# Divorce and child



## LivinginUK (Dec 2, 2012)

Hi. I am going throough a divorce. My wife of 12 years said she had been unhappy for 6 years. She has met someone else. She is intending to live with him and take our only child with her. I can handle the split sale of house etc etc but I cant handle the fact that I wont get to see my baby girl every day. I know that its best to go for her to go with her mother for stability. Once our home is sold and any debts paid off I wont be able to provide my girl with a home for a while. We want to remain amicale for the sake of our child but inside every day its tearing me apart. I have friends that say it will be okay and you will move on and see my daughter regularly etc but its just knowing she is some where else and cant come to come to me for anything. My emotions and feelings go from one extreme to the other every day. One day I can be fine and ready the next I am seething with rage, hurting, crying, confused and hateful. The other man doesnt even exist to me. Is this normal?
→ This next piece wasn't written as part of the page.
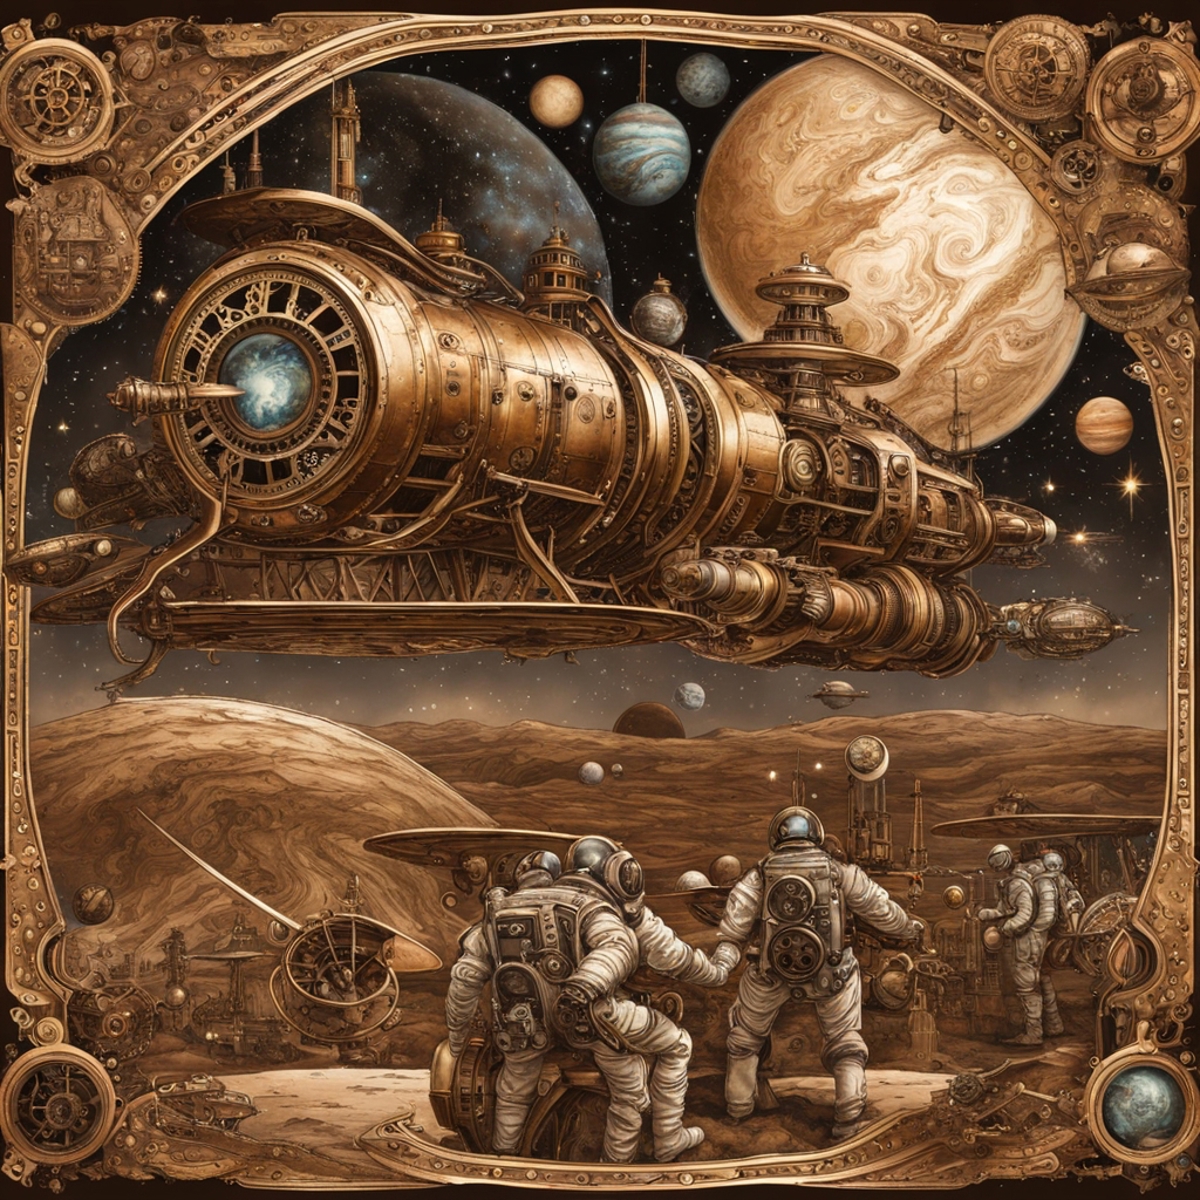 SteampunkAI [10MB] LoRA extraction image by omniinfer815

Does it get better?


----------



## Dewayne76 (Sep 26, 2012)

SUp man. Doing any better?

Welcome to DivorceLand, where the only ride is the rollercoaster. Sob won't stop for a while either. 

These feelings are normal. Expect them to get worse.

Don't know much about your situation but a lot of these cases, it doesn't work out for them in the end. Sometimes it does... but either way, it'll bother them at some point. 

180. Read about it on this forum. Basically, fake it to make it. Act happy all the time, do things to make yourself satisfied until you no longer have to work at it or fake it. 

Pick up some literature. Books are great, I'm sure you can find them, at least on amazon or ebay if not locally. 

Divorce Remedy

The 5 love languages

HIs Needs, Her Needs

the list goes on. Read up on the forum here. Sorry to see you here, but glad you found us. 

Take care and be happy.


----------



## soca70 (Oct 30, 2012)

Talk to a lawyer about a formal custody agreement ASAP


----------